* [Provided data]
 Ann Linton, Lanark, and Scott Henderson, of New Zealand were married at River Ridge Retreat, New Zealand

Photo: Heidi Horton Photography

...

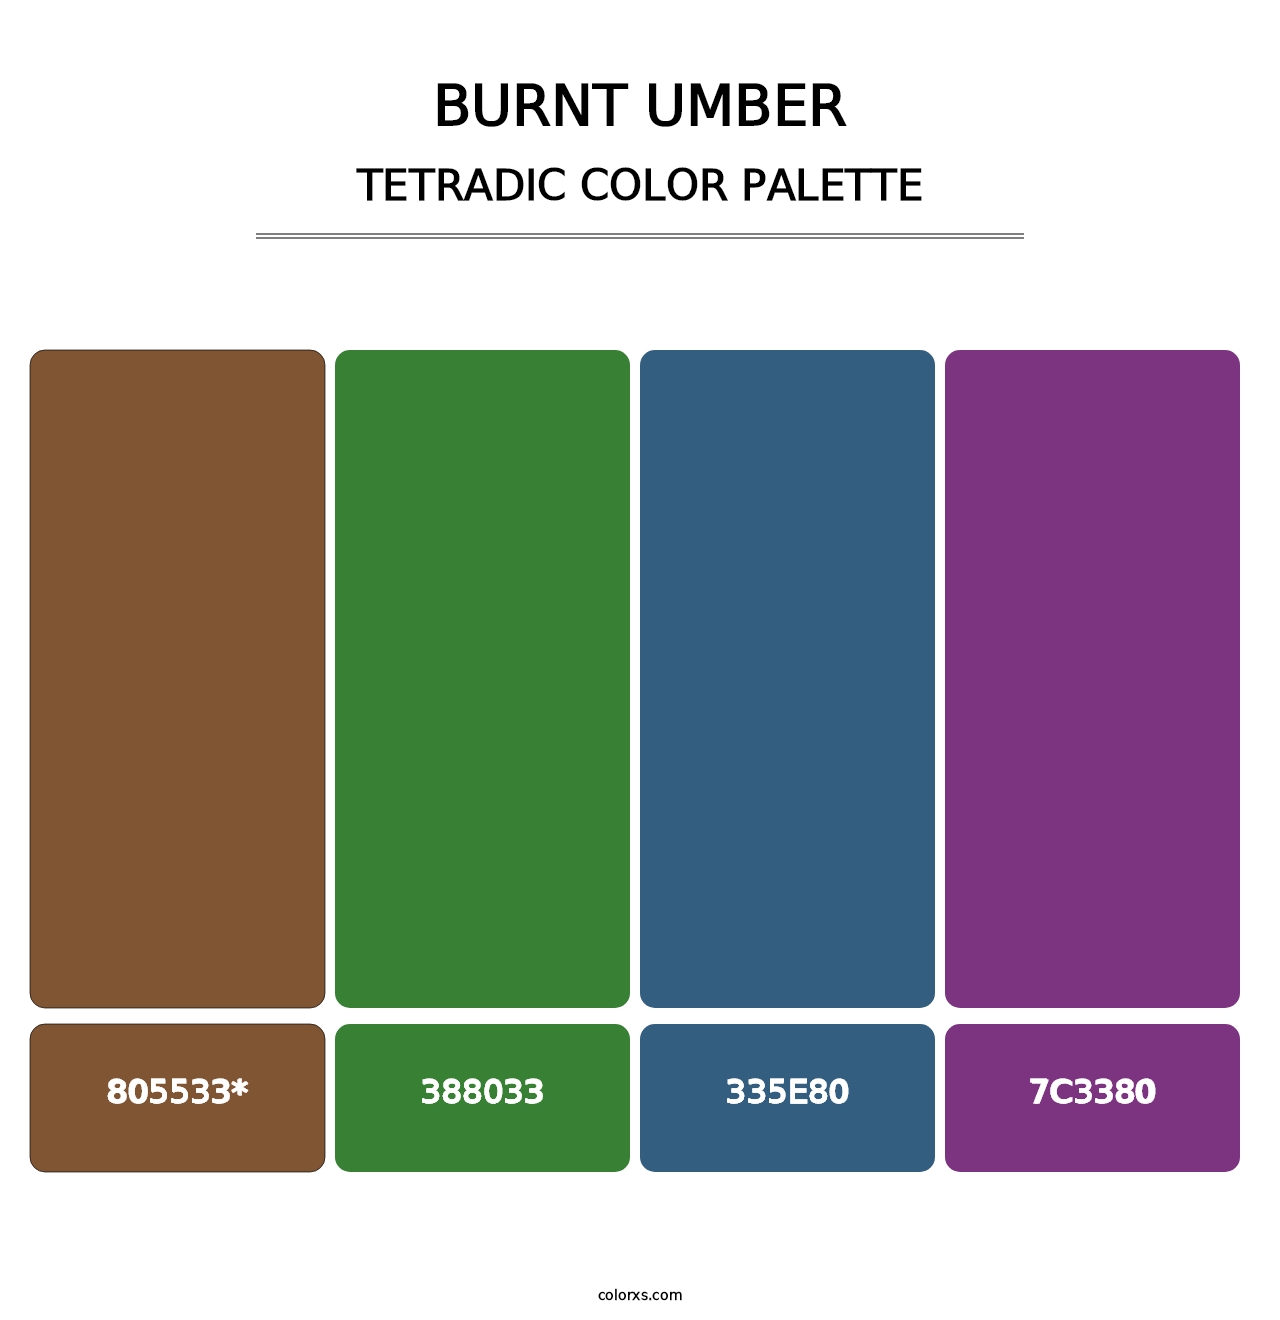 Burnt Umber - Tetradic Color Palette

---

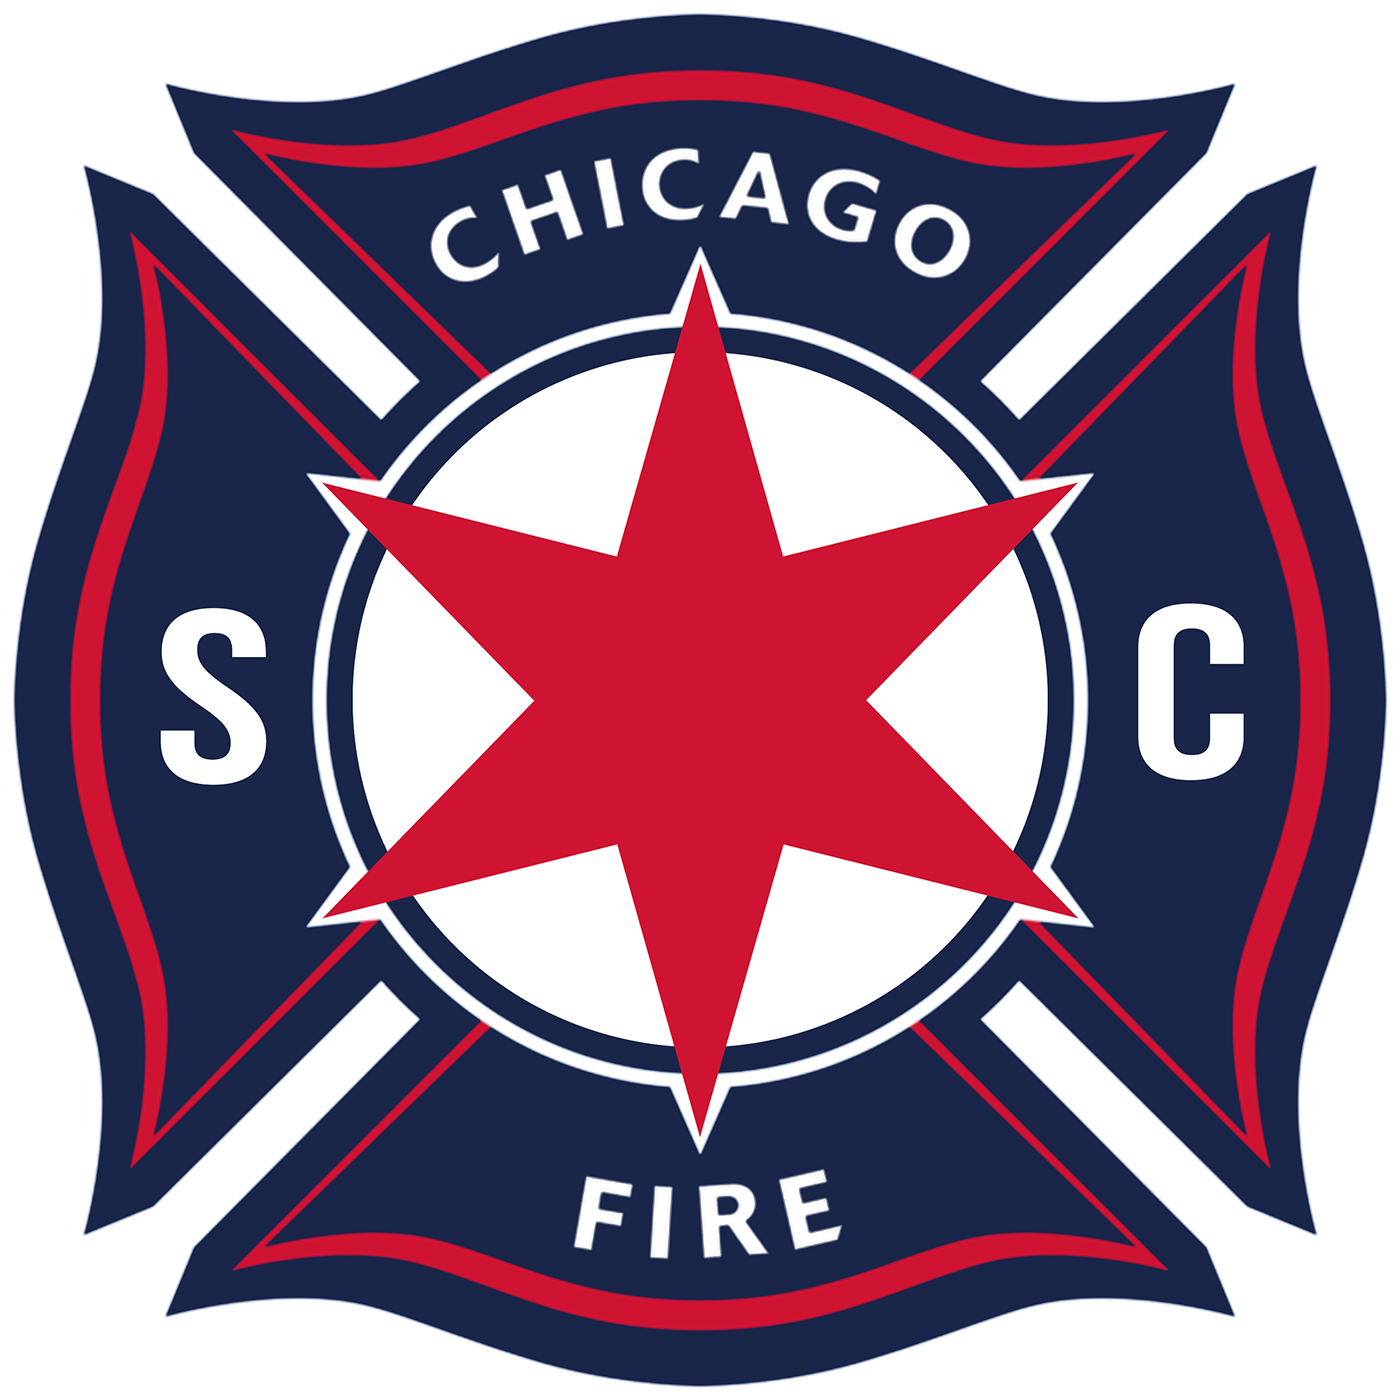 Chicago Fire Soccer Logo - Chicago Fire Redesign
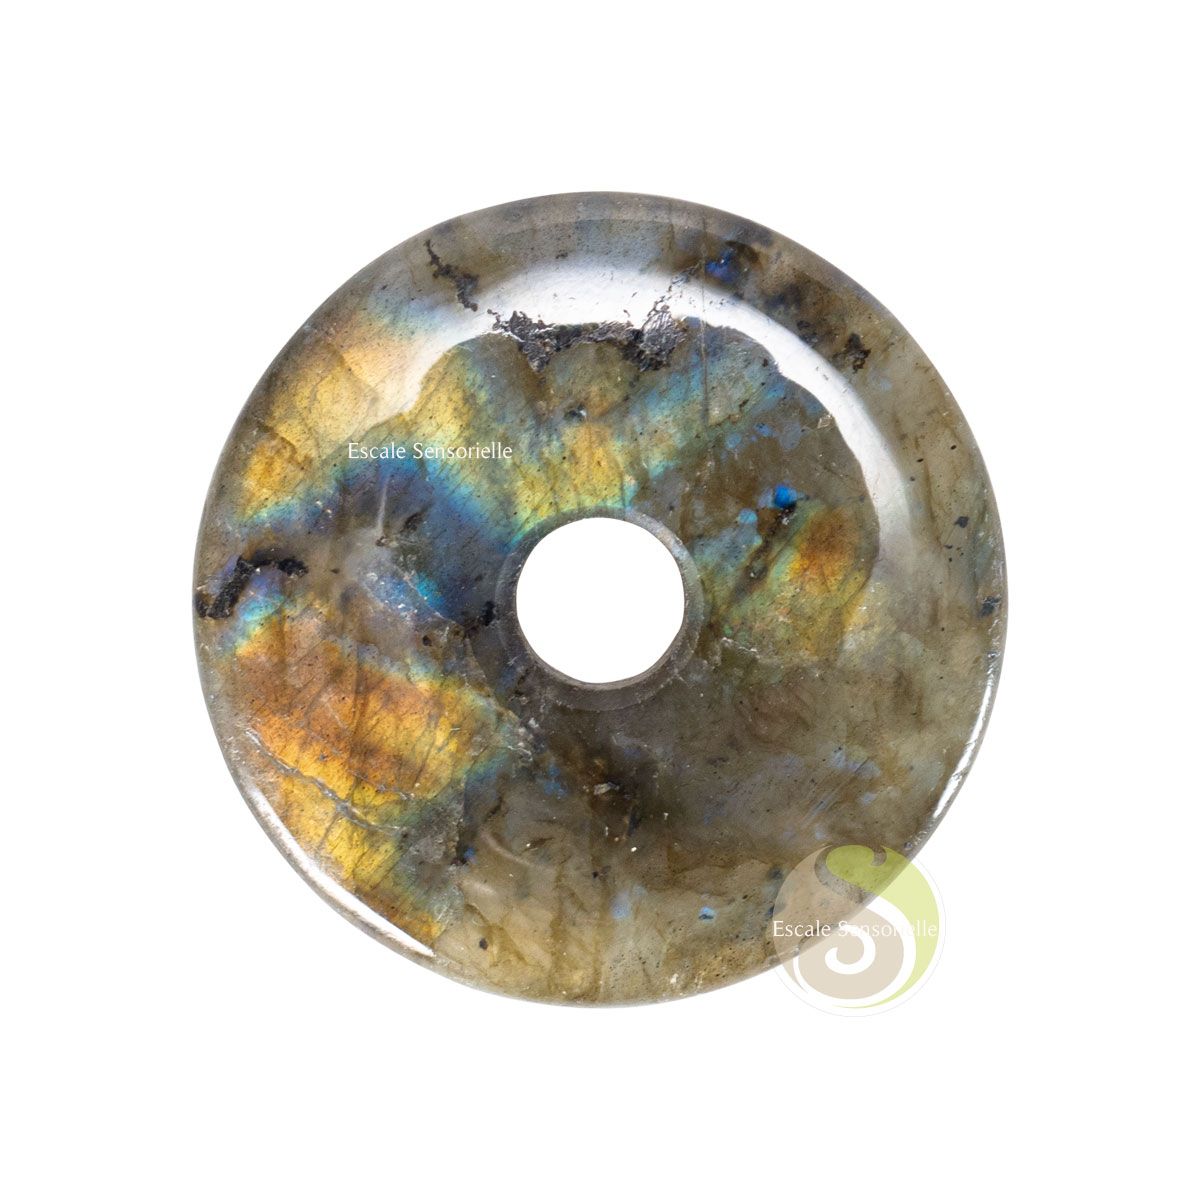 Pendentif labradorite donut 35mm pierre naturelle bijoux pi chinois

* [Activity] In the data above, retype exactly and only the lines between the one holding "Ann Linton, Lanark, and" and the one holding "Photo: Heidi Horton Photography", inclusive.

* [Task output]
 Ann Linton, Lanark, and Scott Henderson, of New Zealand were married at River Ridge Retreat, New Zealand

Photo: Heidi Horton Photography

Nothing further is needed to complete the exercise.